Die Beschwer und ebenso der Streitwert sind hier nicht - wie die Beklagte geltend macht - im Hinblick auf die Klausel 2 des Klageantrags ("Der Heimbewohner gewährt (der Beklagten) ein unverzinsliches Darlehen in Höhe von ...") auf einen höheren Betrag als 13.500 DM zu setzen, weil die Beklagte bei Unwirksamkeit der Klausel zur Rückzahlung von Darlehen in Höhe von 4,5 Mio. DM oder zur Entrichtung von Zinsen verpflichtet sei. Dieses Interesse der Beklagten hat keinen Einfluß auf den Wert der Beschwer in diesem Rechtsstreit.
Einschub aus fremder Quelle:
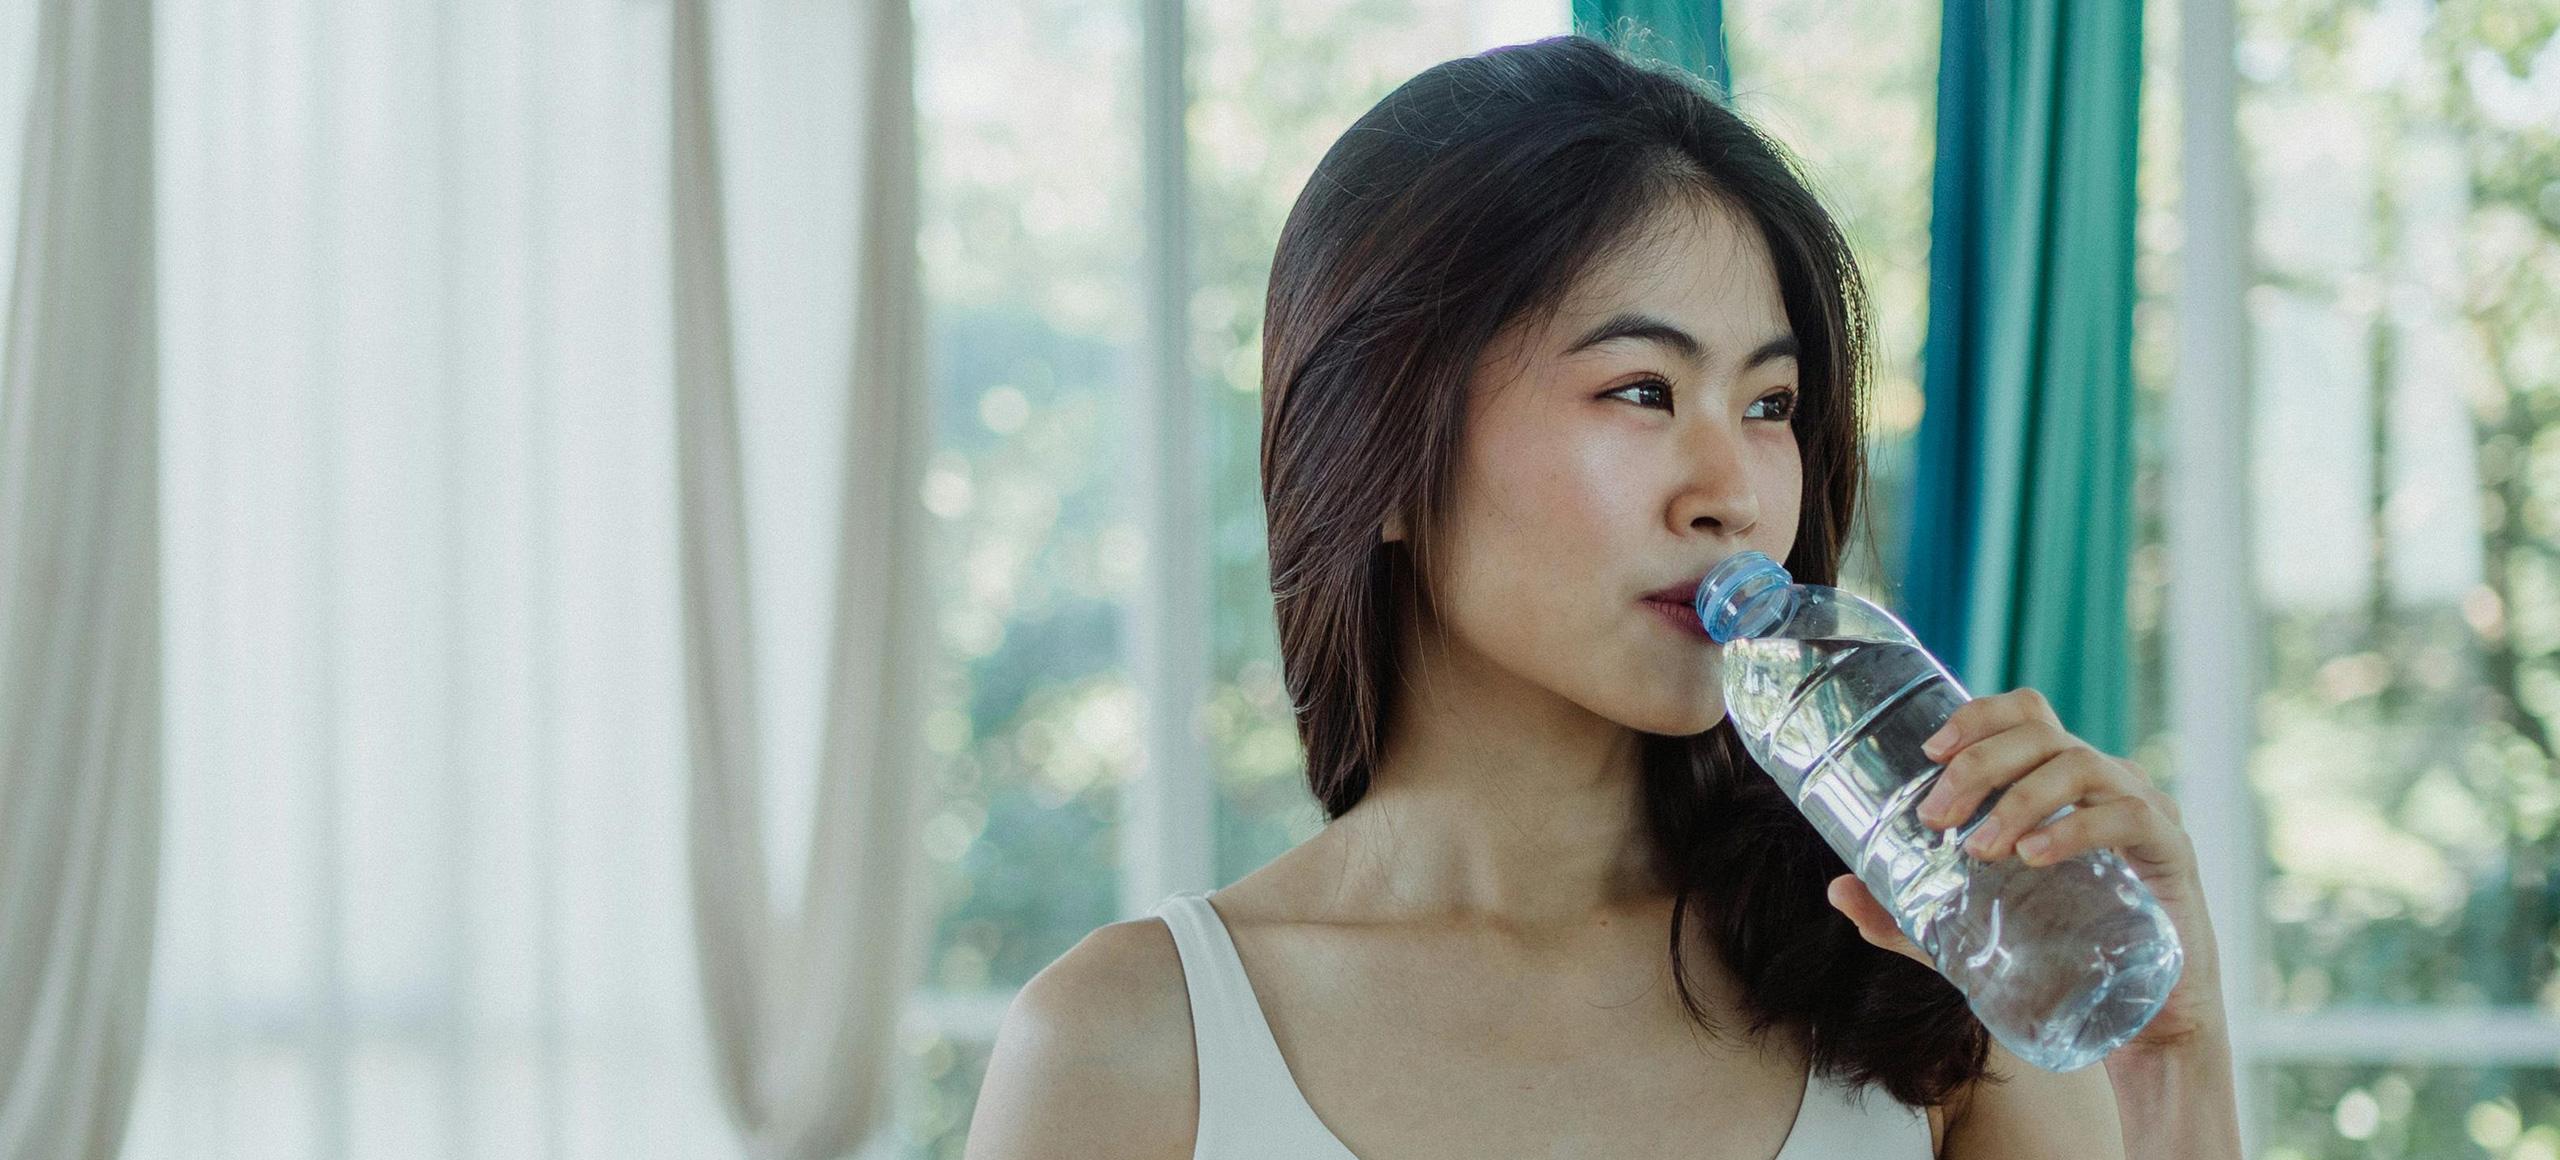 Woman drinking water from single-use plastic bottle

Fraglich ist schon, ob es der Beklagten im Hinblick auf den Ausspruch des erstinstanzlichen Urteils, beim Abschluß von Heimverträgen die Verwendung der beanstandeten Klauseln zu unterlassen, überhaupt verwehrt ist, sich bei der Abwicklung bereits einqeqanqener Verträge auf diese Bestimmungen zu berufen (zu einem solchen Fall siehe Senatsurteil vom 11. Februar 1981 - VIII ZR 335/79 = WM 1981,
379 f; siehe auch Ulmer/Brandner/Hensen, AGBG, 6. Aufl.
1989, § 21 Rdnr. 5). Das kann jedoch dahingestellt bleiben, denn im Verbandsprozeß (§ 13 ff AGBG) bemißt sich das Interesse der Prozeßparteien ausschließlich nach dem Interesse der Allgemeinheit an der Beseitigung der gesetzwidrigen
AGB-Bestimmung (Ulmer/Brandner/Hensen, aaO § 22 Rdnr. 4) und übersteigt den festgesetzten Betrag nicht. Das entspricht der ständigen Spruchpraxis des Senats.